* Given material
Start of Block

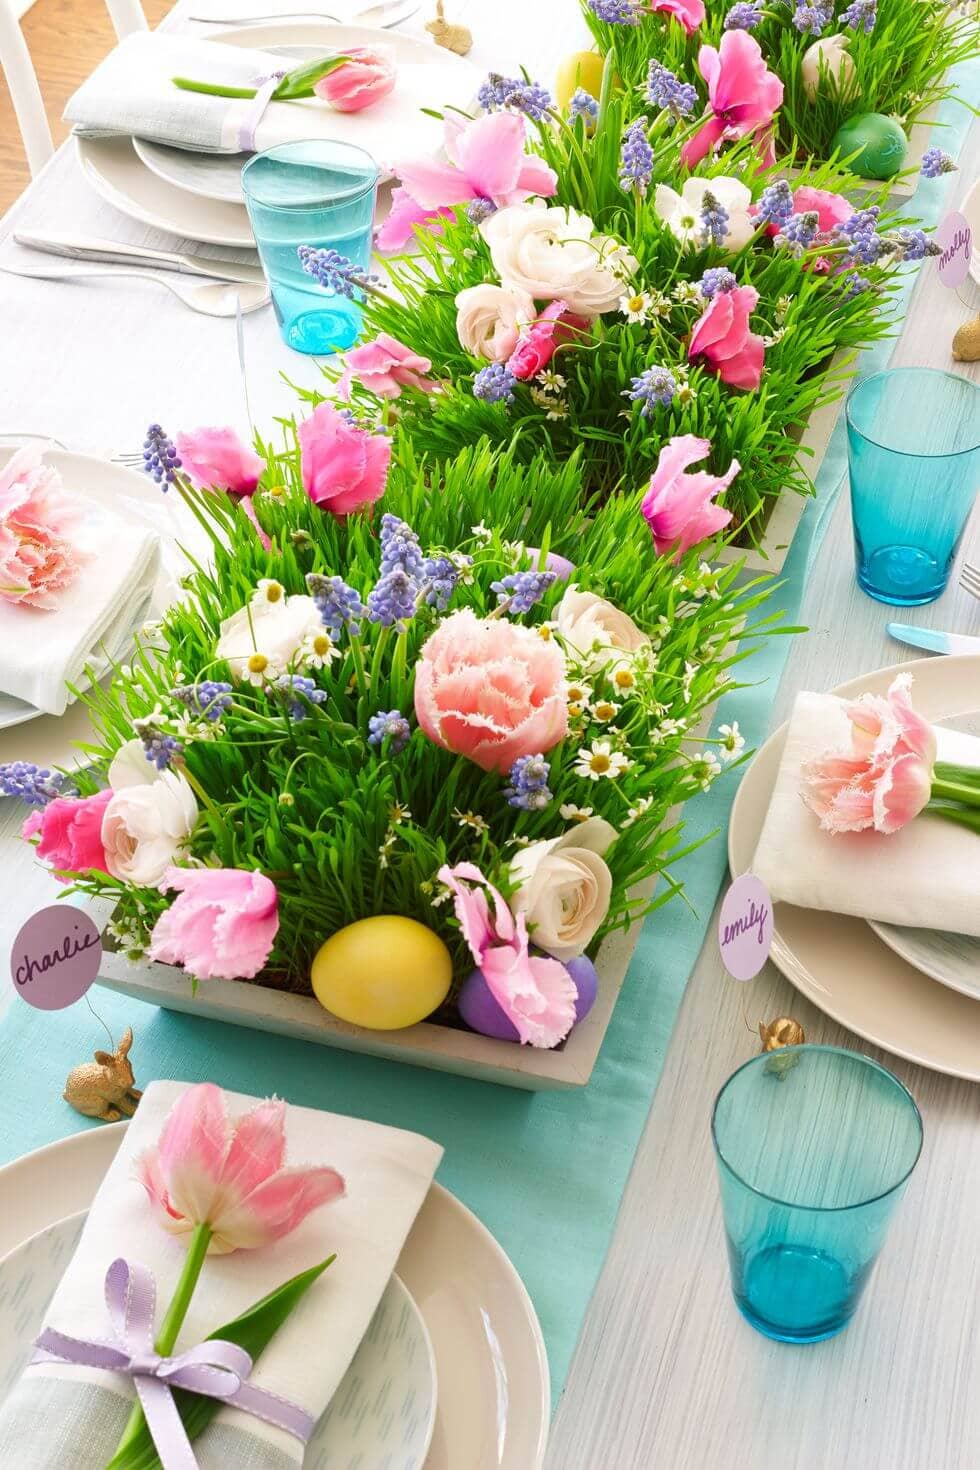 How do you tastefully decorate for Easter?
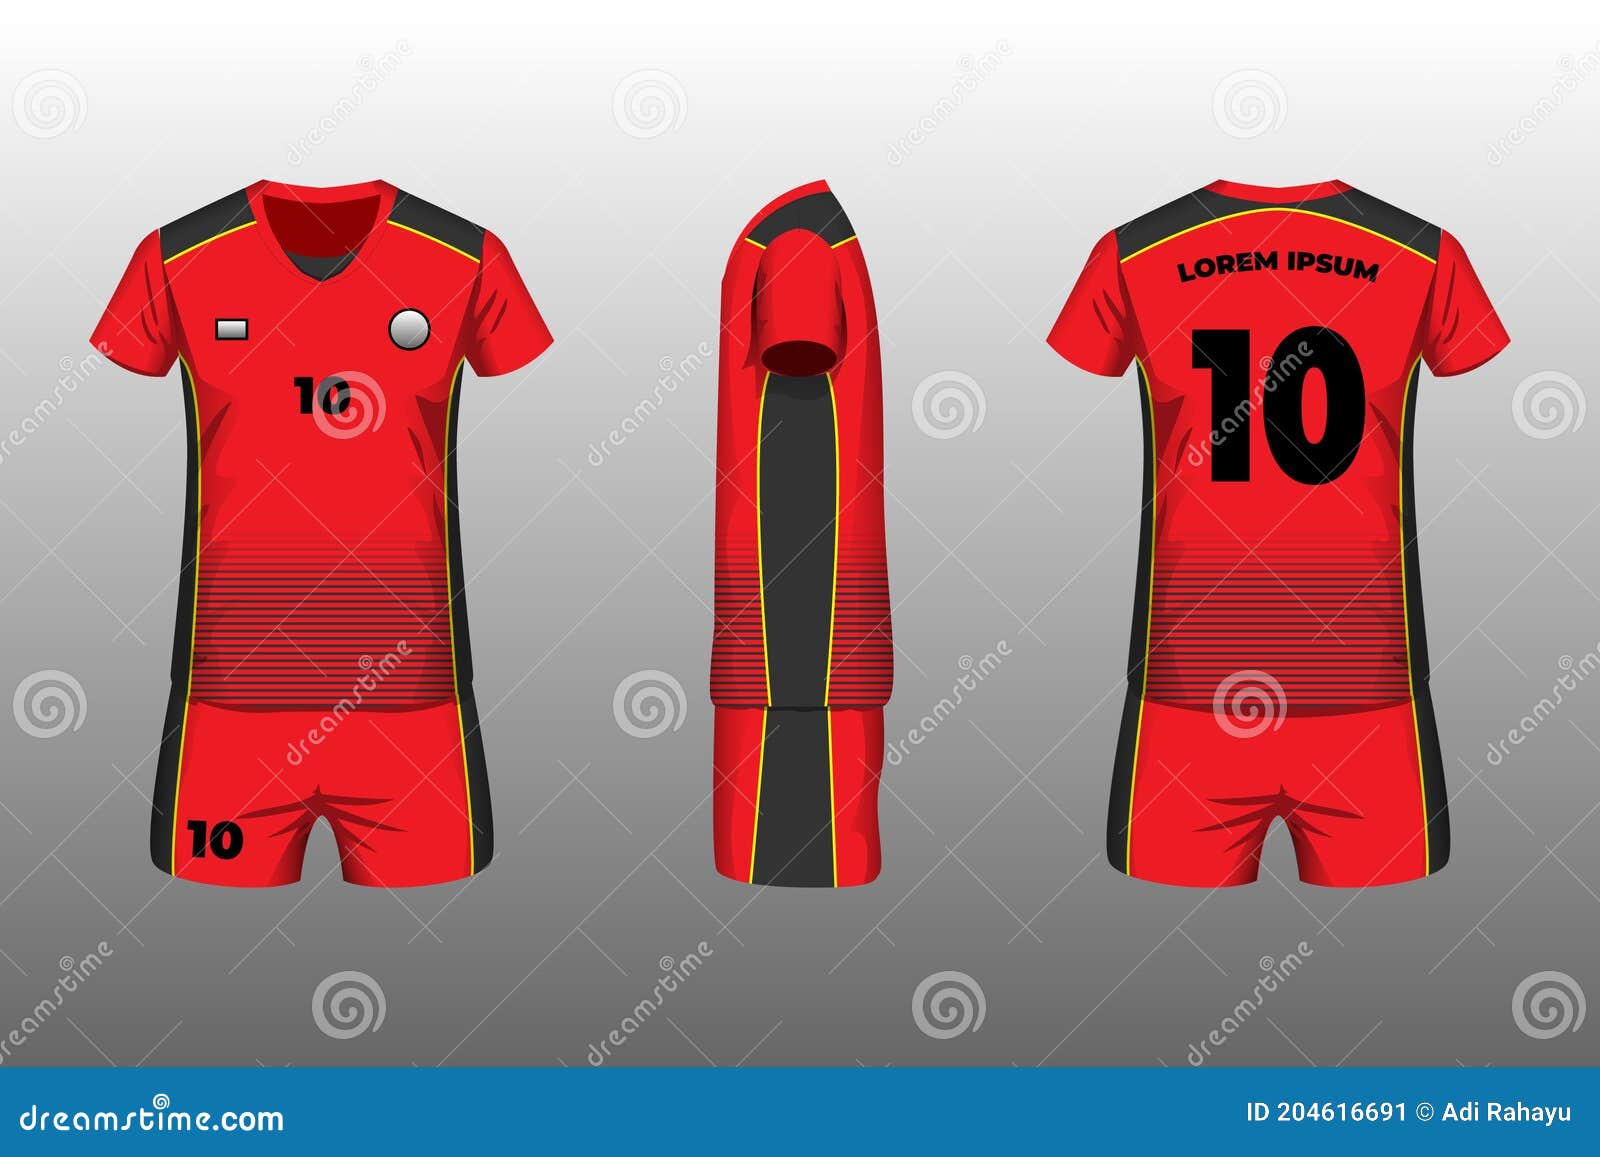 Download Volleyball Kit Jersey Mockup Design Red Champion Stock Vector Illustration Of Inspiration Printing 204616691
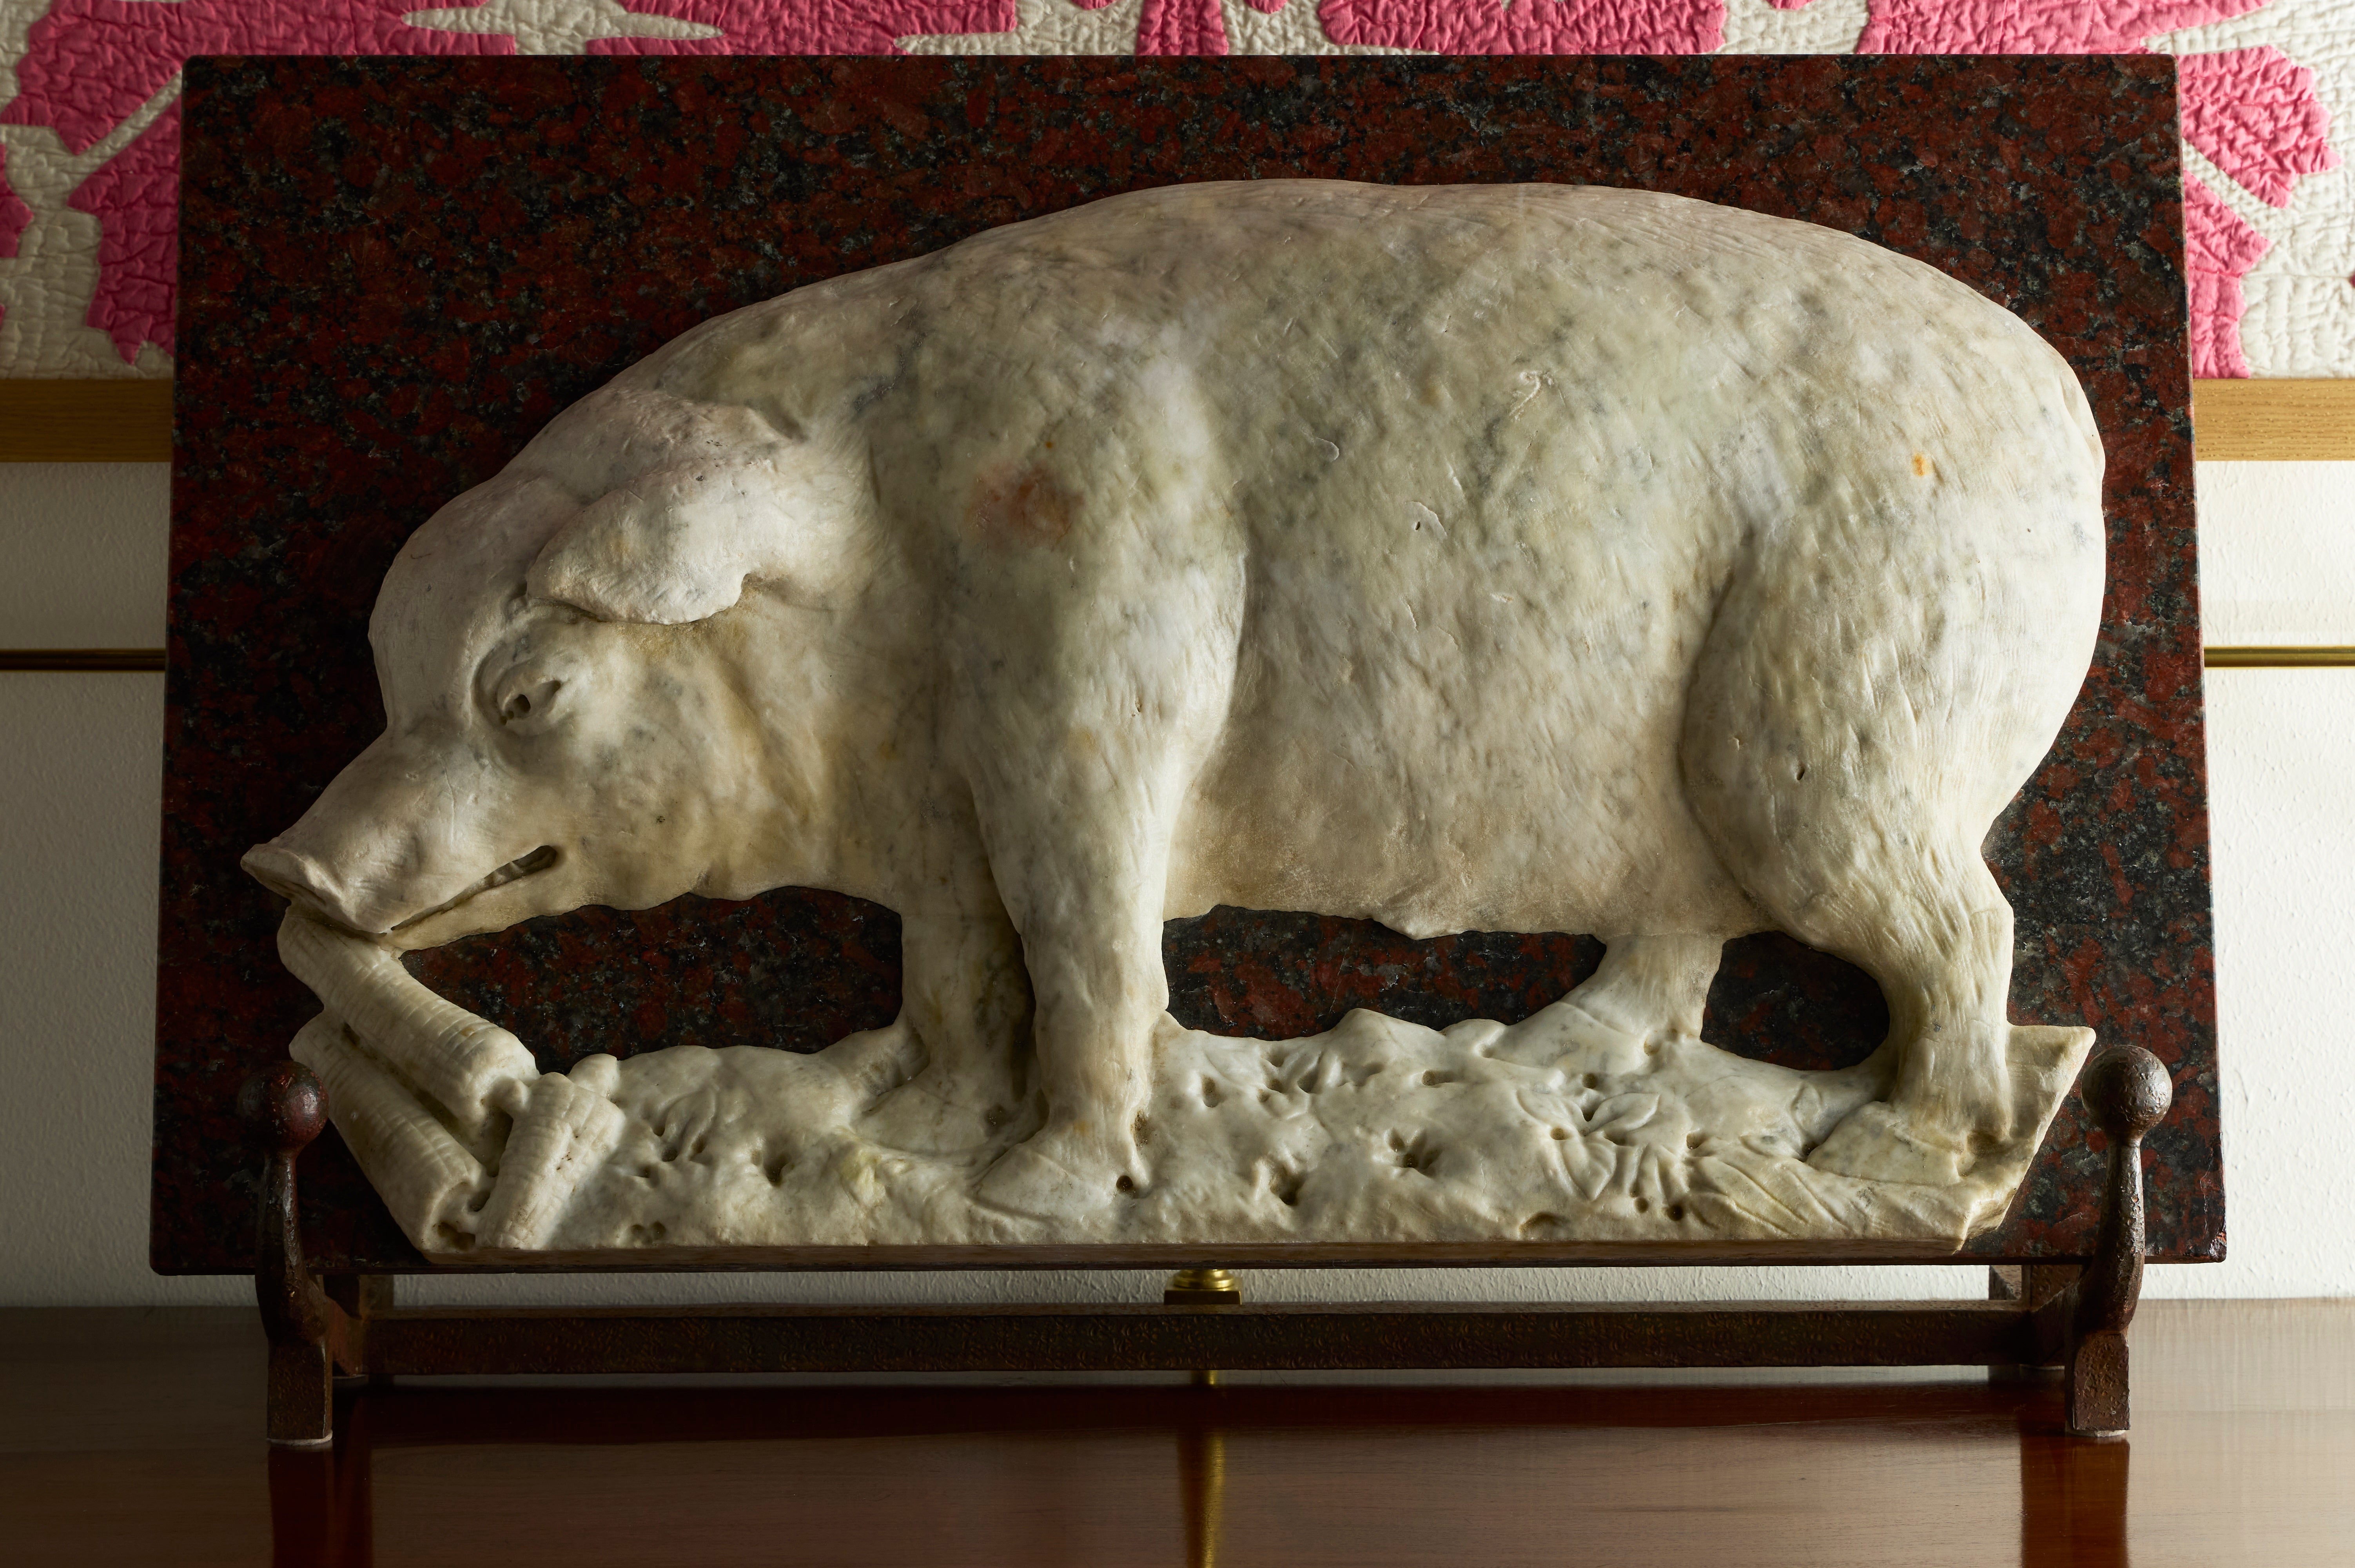 18th Century Bas Relief of a Hog, Carrera Marble on Granite

End of Block

* What to produce
Transcribe only the lines from the line holding "Download Volleyball Kit" to the final line of the listing above. Keep them exact, include both ends, and skip the pictures.

* The completed task
 Download Volleyball Kit Jersey Mockup Design Red Champion Stock Vector Illustration Of Inspiration Printing 204616691
 18th Century Bas Relief of a Hog, Carrera Marble on Granite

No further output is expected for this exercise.